The plaintiff also submits that an administration guarantee is not appropriate at this stage because the estate currently contains no assets and if the claim to recover the $600,000 fails the estate would not suffer loss as any claim would necessarily have to be funded by the plaintiff himself. As observed, the orders sought by the plaintiff are not expressed as a claim to recover $600,000 but rather as a claim to recover the traceable proceeds of sale of the Doncaster property.
However, as the Court explained in Re Ciantar where, as in the present proceeding, the deceased held no assets in her name at the date of her death:[24]
In the ordinary course, a guarantee is required when an application is made to bring or defend a proceeding, unless good reason is shown to the contrary.[25] The reasons for an administration bond or guarantee were explained by Besanko J in Re Freebairn[26] as follows:
The guarantee is in effect a guarantee against the maladministration of the estate … It is a guarantee against a breach by the administrator of his or her duties in administering the estate. The cases in which a guarantee is required are cases where the estate is vulnerable in the sense that there is an increased risk of maladministration or an increased difficulty in recovery should there be maladministration. The guarantee provides an additional assurance of the due and proper administration of the estate and an additional remedy should there be maladministration.[27]
The reasons provided by the plaintiff for being unable to provide an administration guarantee to secure his performance of the duties as administrator is that he has been unable to find an insurer or family member willing to provide a guarantee. These reasons do not amount to a good reason for the Court to dispense with the requirement for an administration guarantee.
[24]Re Ciantar [2022] VSC 116, [63]–[64] (McMillan J).
[25]Re Tratt [1980] VR 657, 663 (Brooking J); Re Curran [2010] VSC 455, [26] (Ferguson J).
[26](2005) 93 SASR 415.
[27]Ibid 420 [22] (Besanko J).
The fact that there are not currently any assets in the estate is not a good reason to dispense with the requirement for a guarantee. In considering whether to appoint a person as an administrator ad litem the Court is mindful of the interests of third parties, as well as the beneficiaries of the estate. If litigation is commenced to recover funds for the deceased and that litigation is unsuccessful, there is the potential for costs orders to be made against the estate.

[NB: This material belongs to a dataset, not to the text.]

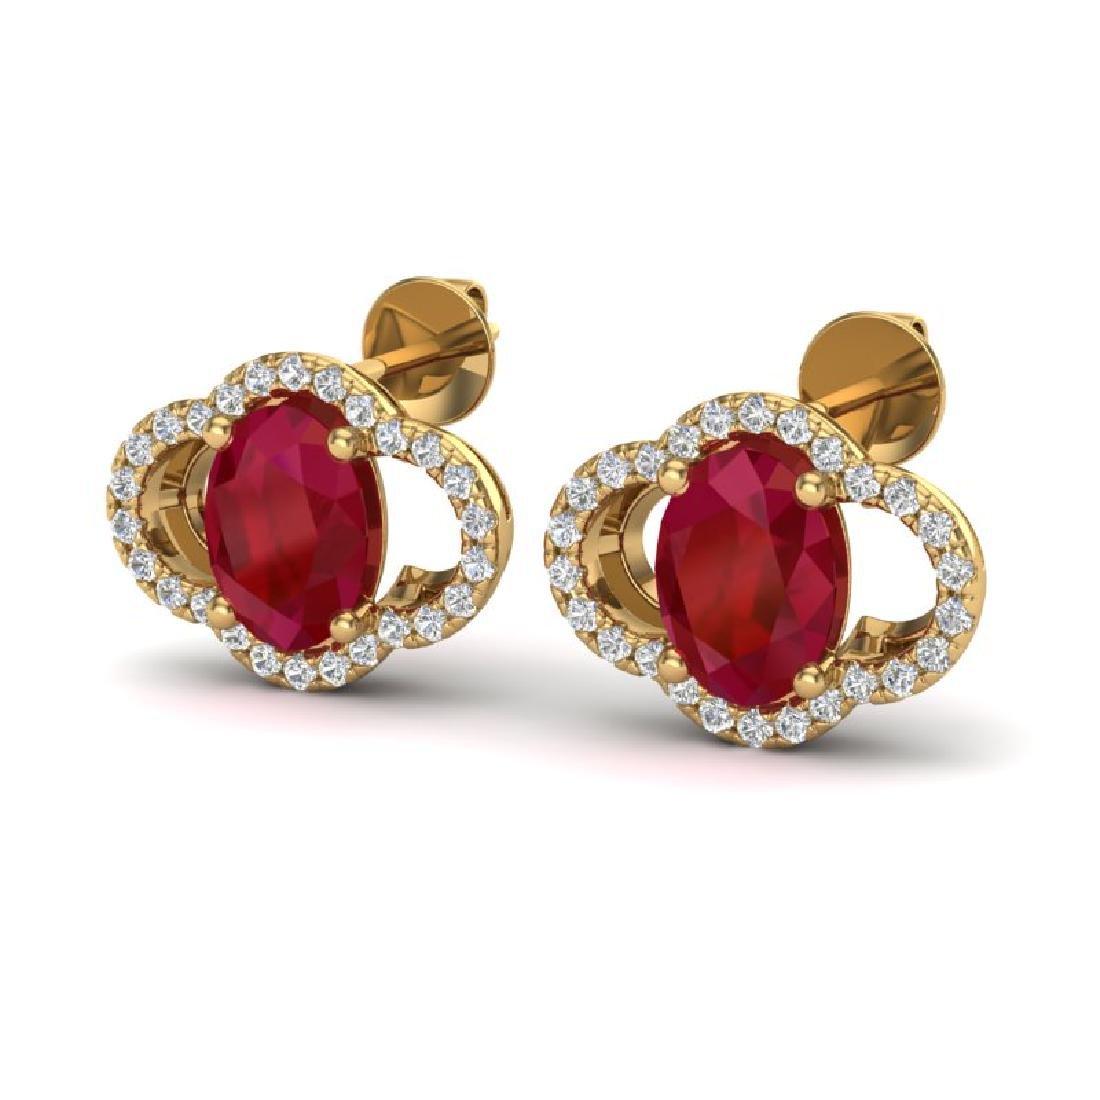 4 CTW Ruby & Micro Pave VS/SI Diamond Earrings 10K

There is no information before the Court as to the plaintiff’s capacity or willingness to indemnify the estate if the litigation were unsuccessful and an adverse costs order were made against it.
Further, the plaintiff intends to commence a proceeding on behalf of the estate of the deceased seeking to bring substantial funds back into the estate of the deceased for the purpose of making a further claim in his own right against the estate of the deceased. If the plaintiff were appointed as administrator ad litem of the estate, he would have control of any funds paid back into the estate making the risk or potential for maladministration much greater compared to the appointment of an independent administrator.
Conclusion
The application by the plaintiff to be appointed a limited administrator ad litem of the estate of the deceased be dismissed.
Orders
The proceeding be dismissed with costs.